What you need to do:
The whole listing needs to be written out exactly, except for any images.

Recorded information:

══════════

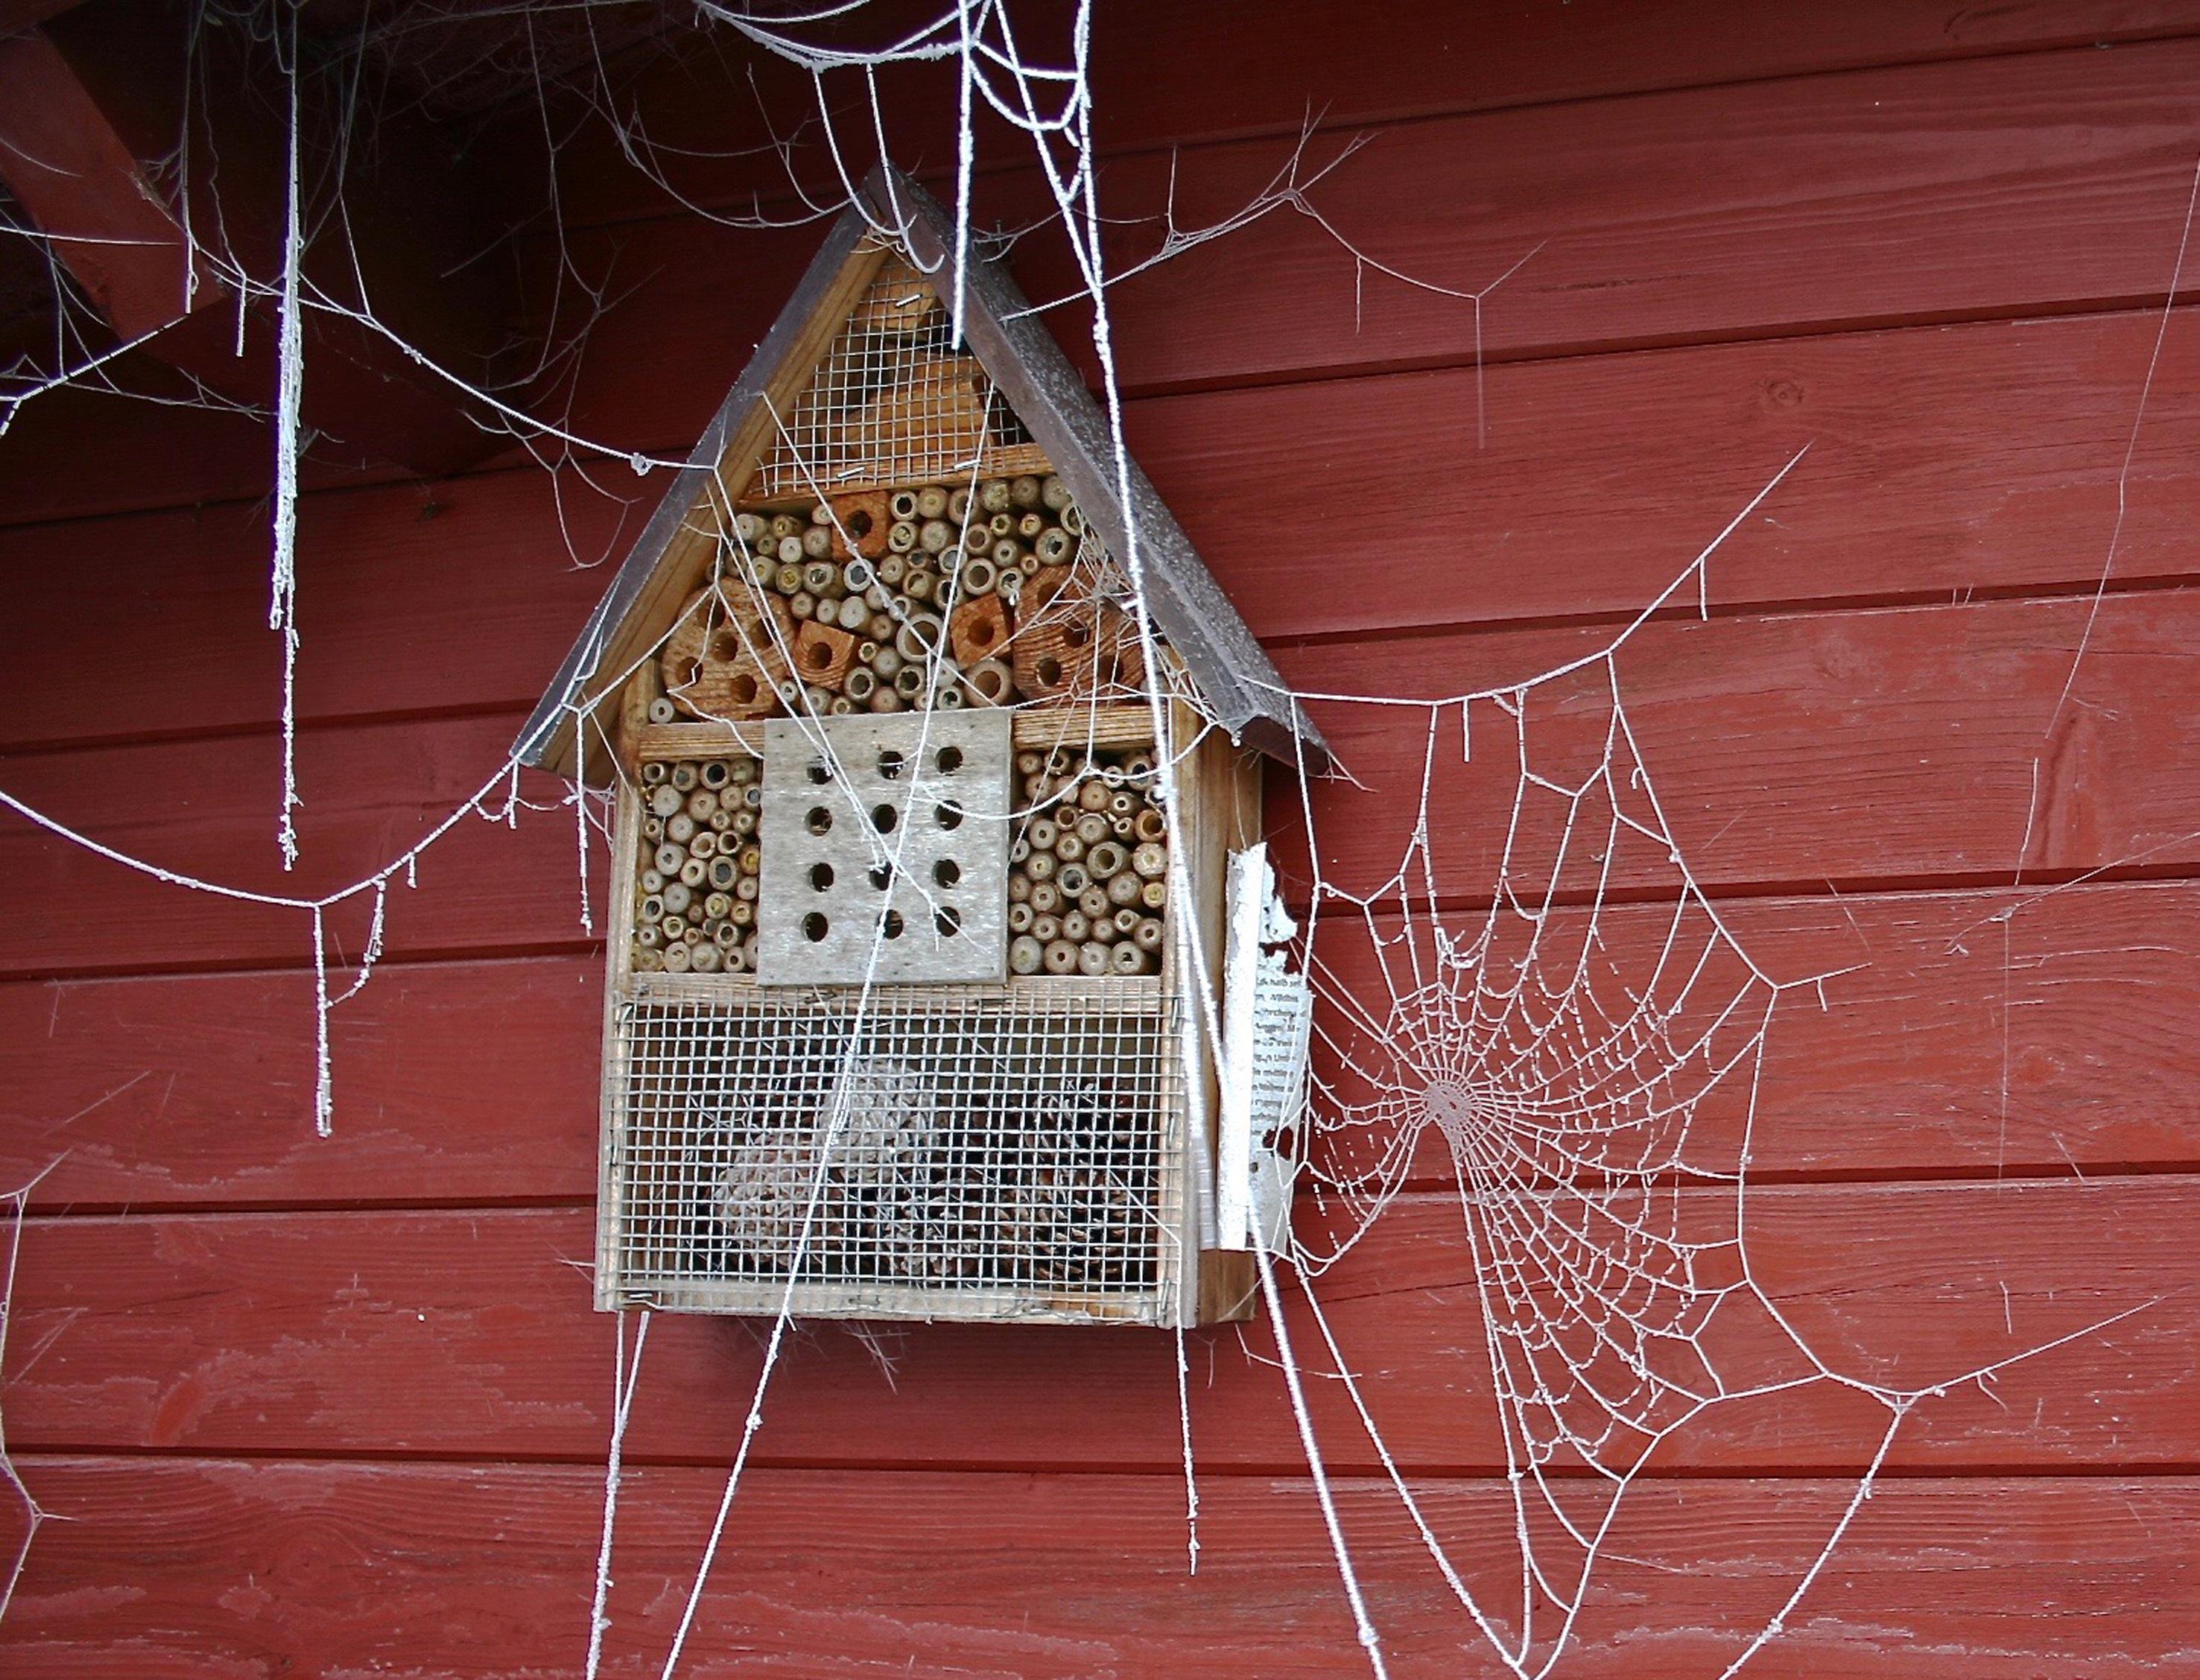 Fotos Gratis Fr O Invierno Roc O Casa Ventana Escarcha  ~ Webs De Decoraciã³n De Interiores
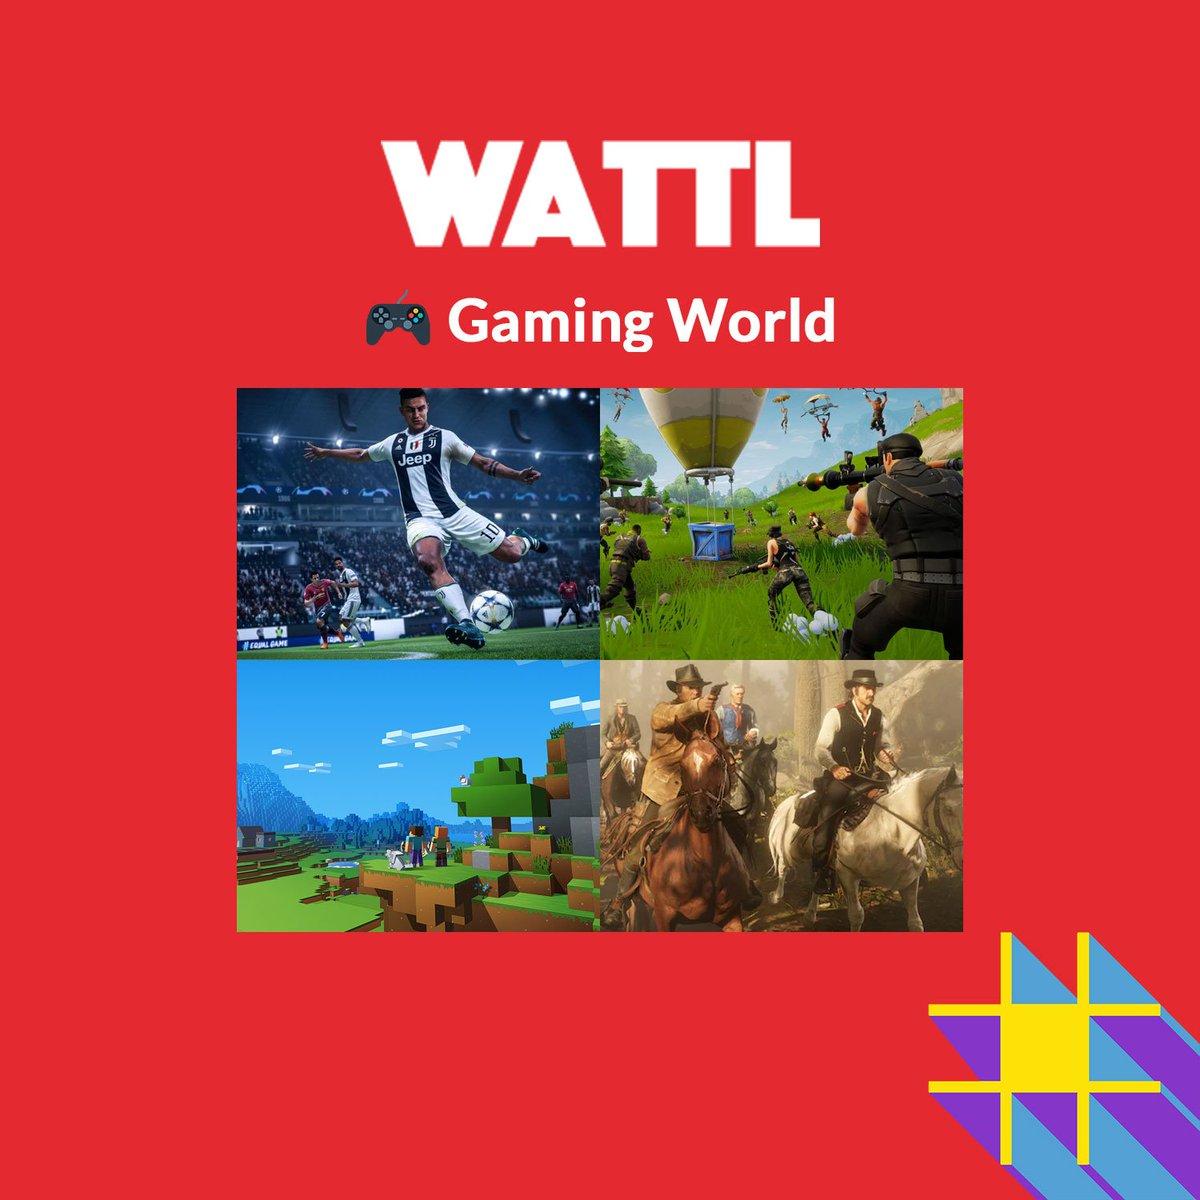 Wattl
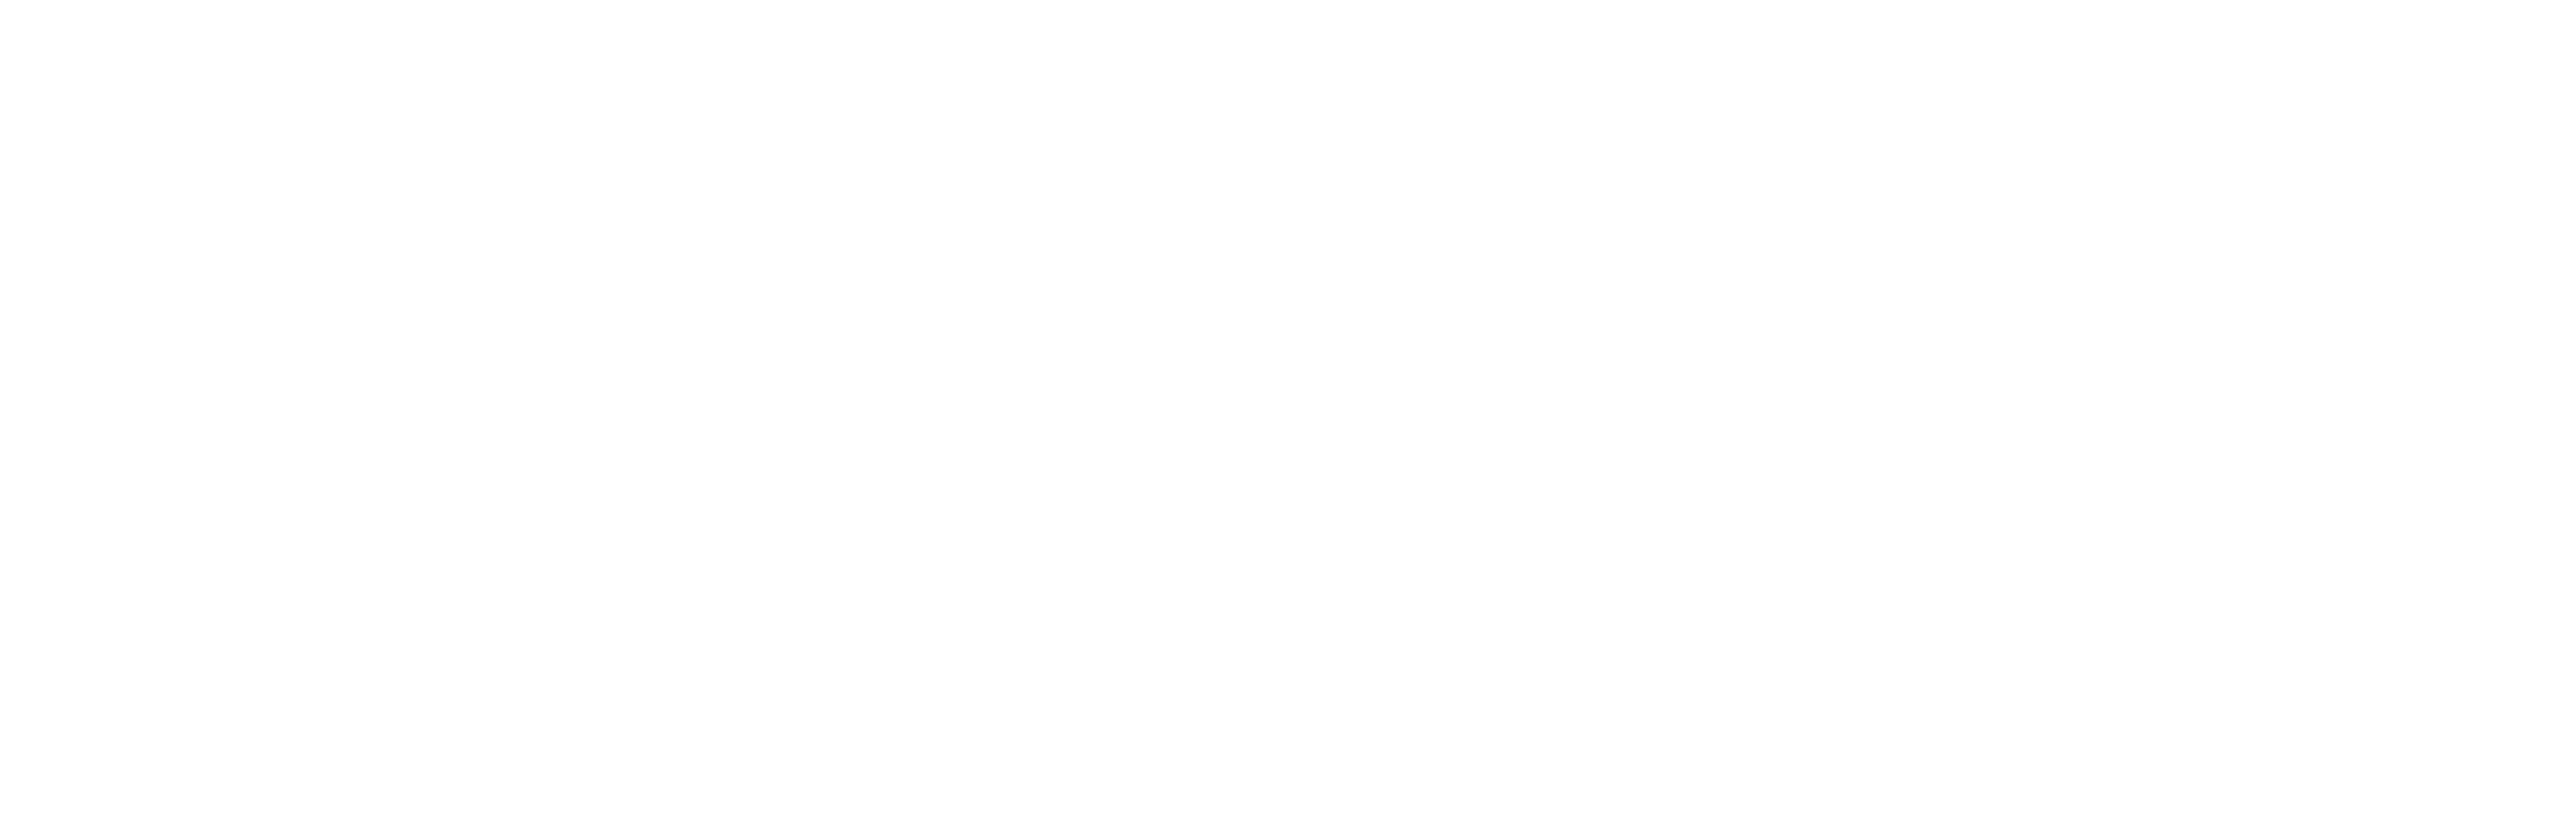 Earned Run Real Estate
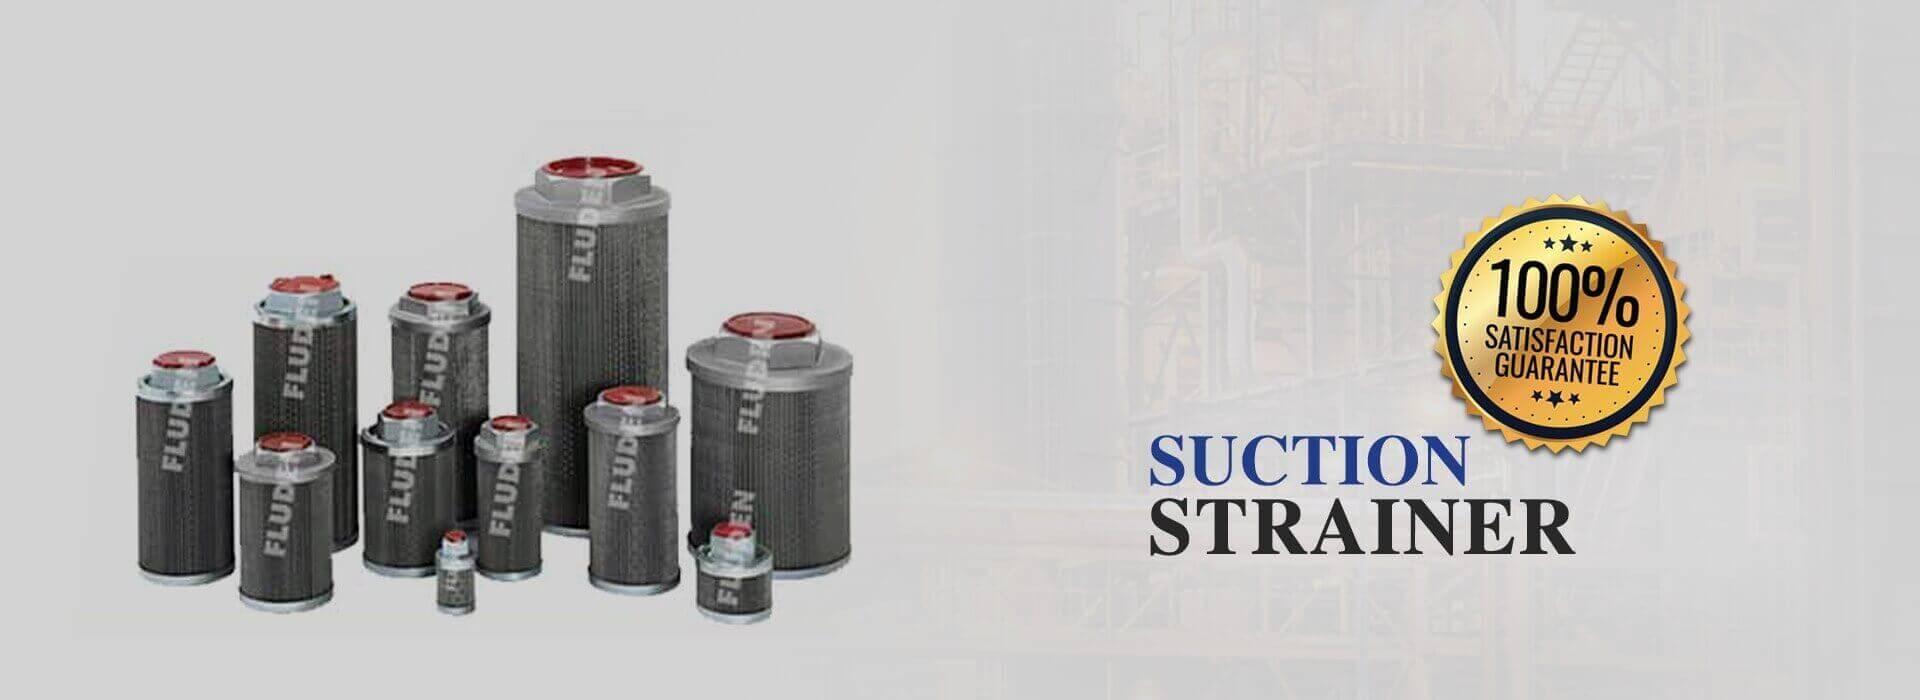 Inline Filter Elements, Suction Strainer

══════════

Task output:
 Fotos Gratis Fr O Invierno Roc O Casa Ventana Escarcha  ~ Webs De Decoraciã³n De Interiores
 Wattl
 Earned Run Real Estate
 Inline Filter Elements, Suction Strainer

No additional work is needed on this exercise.